- _Required work_
Return exactly the lines from the one containing "Selling AirPods but only has 1 AirPod" through the end of the material below, and leave the images out.

- _Data segment_
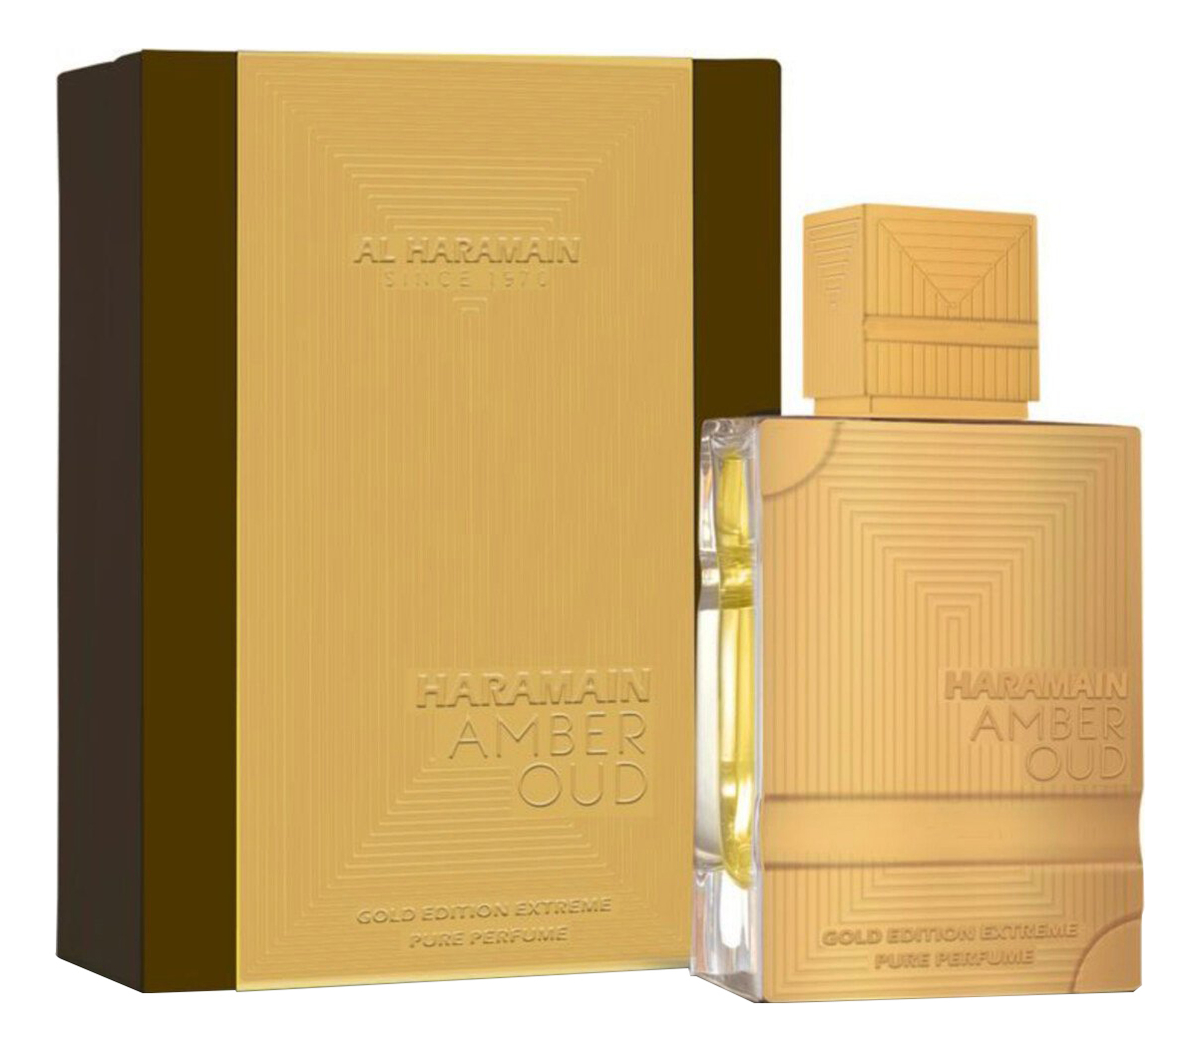 Amber Oud Gold Edition Extreme: парфюмерная вода 100мл amber oud gold edition парфюмерная вода 100мл уценка
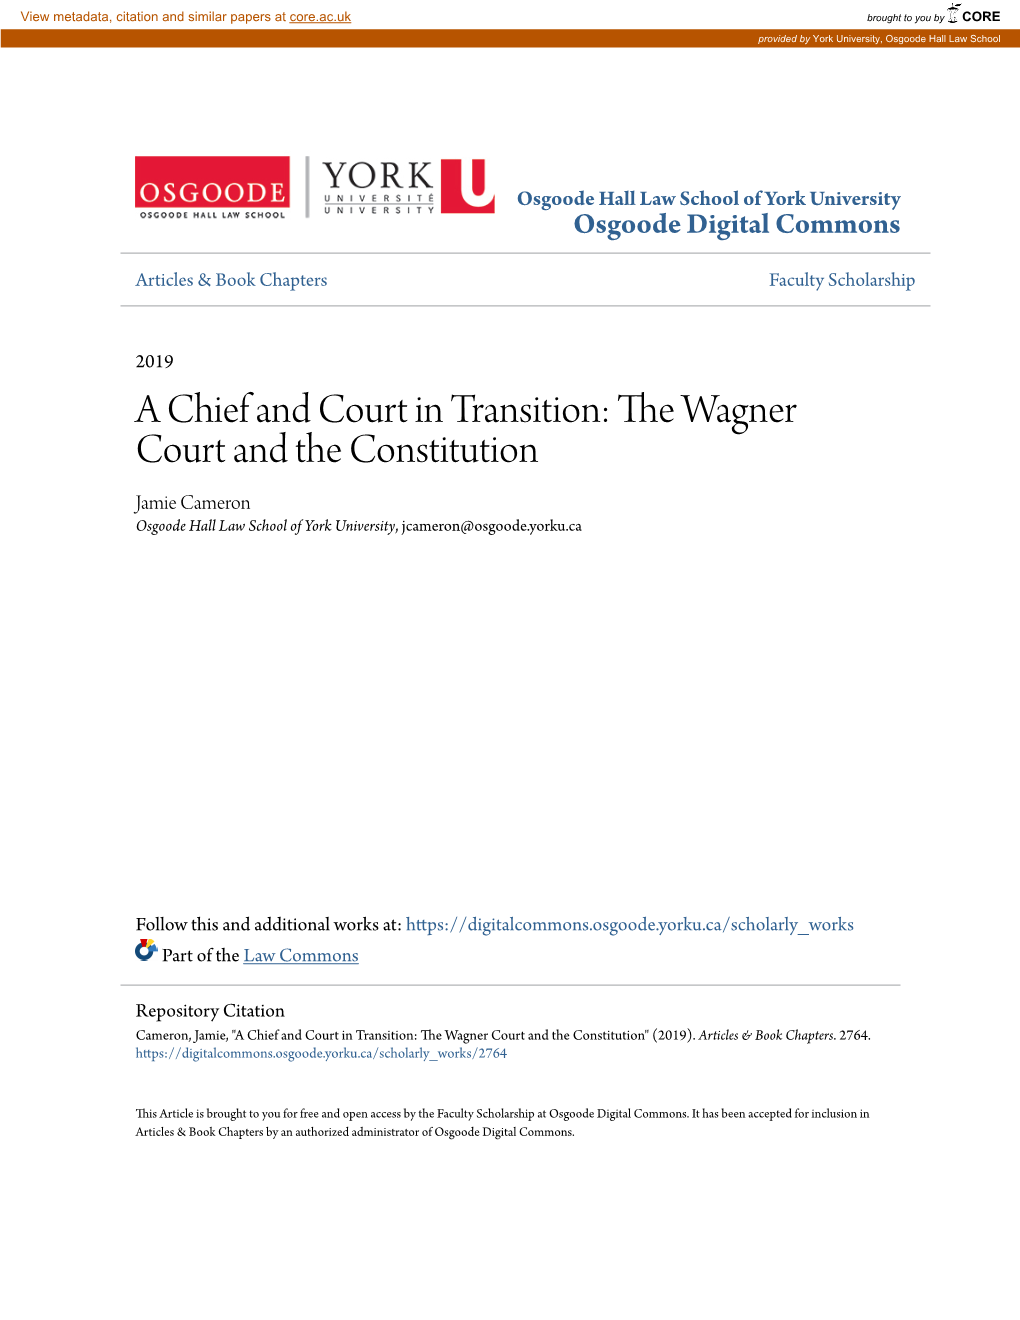 A Chief and Court in Transition: the Wagner Court and the Constitution Professor Jamie Cameron*
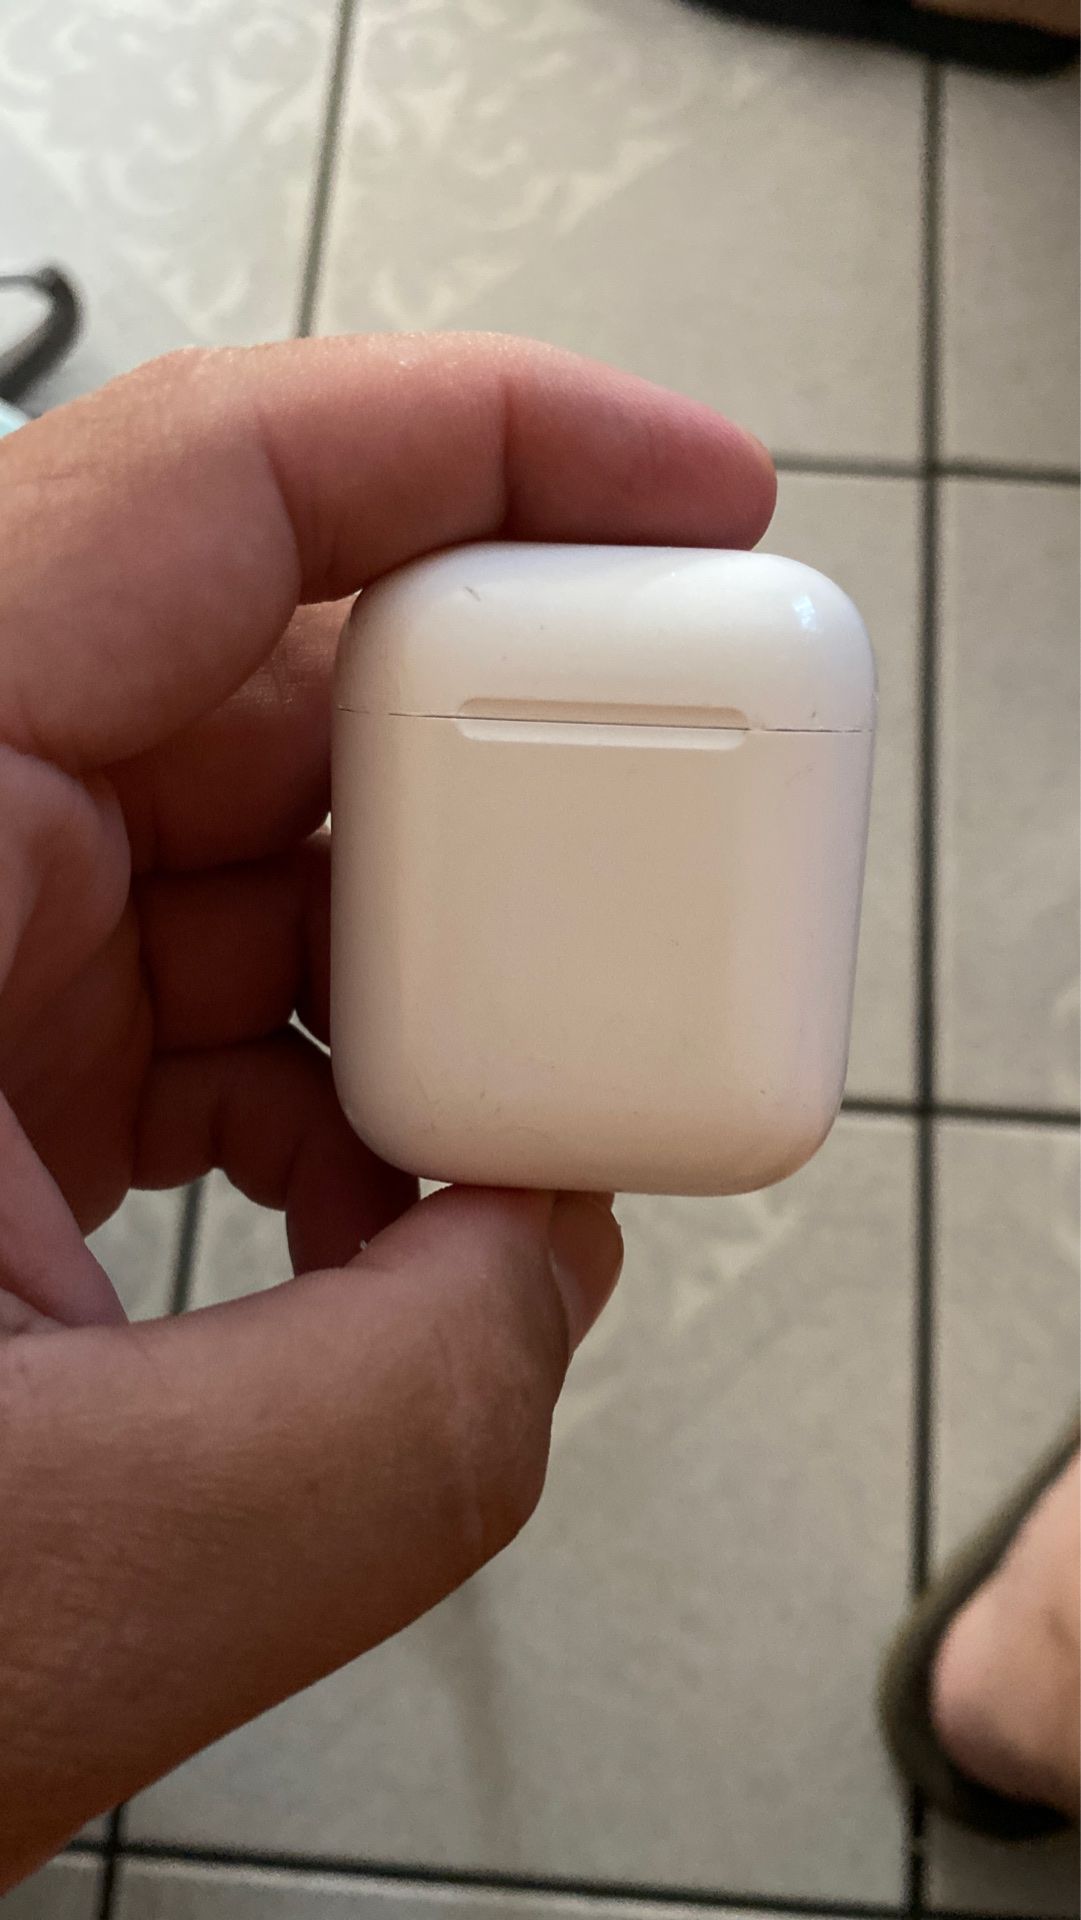 Selling AirPods but only has 1 AirPod
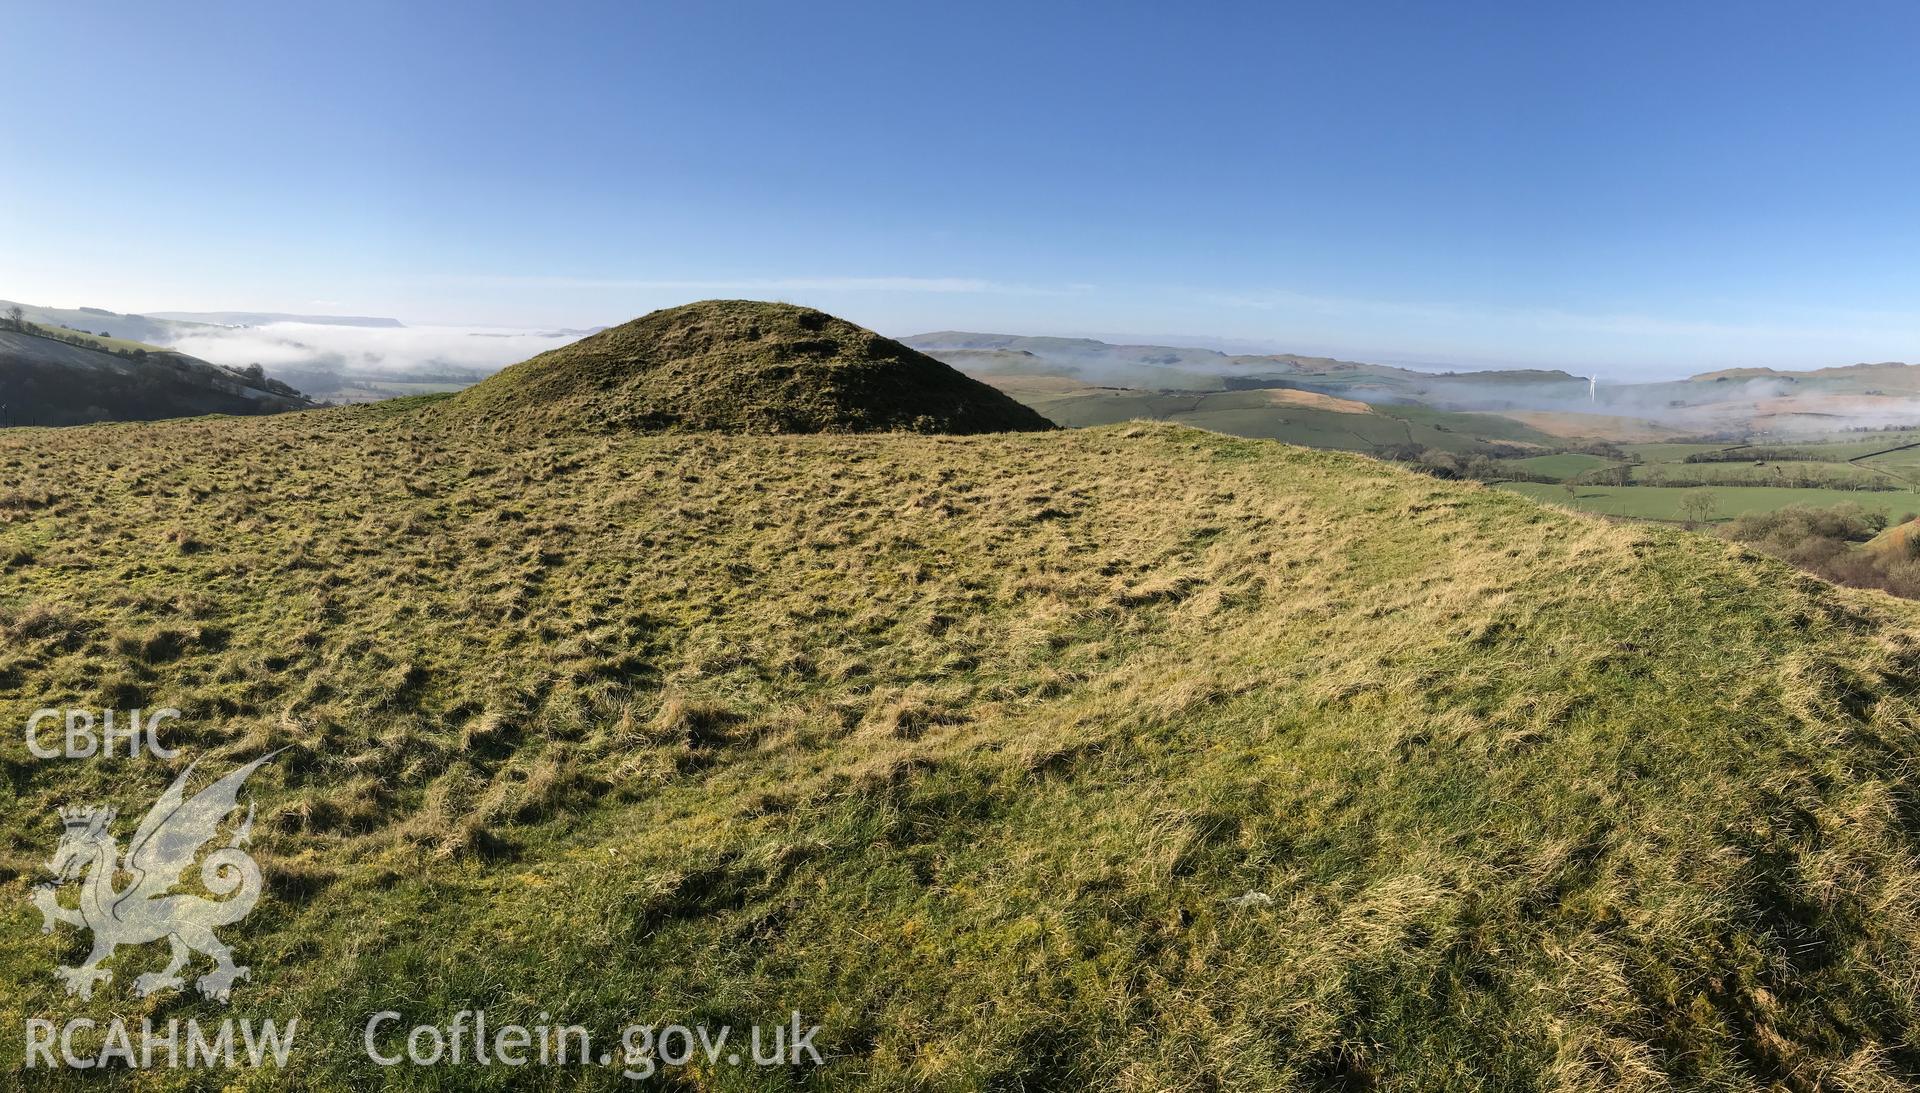 Digital colour photograph showing Castell Crug Eryr motte and bailey, New Radnor, taken by Paul Davis on 7th February 2020.

- _Exercise output_
 Selling AirPods but only has 1 AirPod
 Digital colour photograph showing Castell Crug Eryr motte and bailey, New Radnor, taken by Paul Davis on 7th February 2020.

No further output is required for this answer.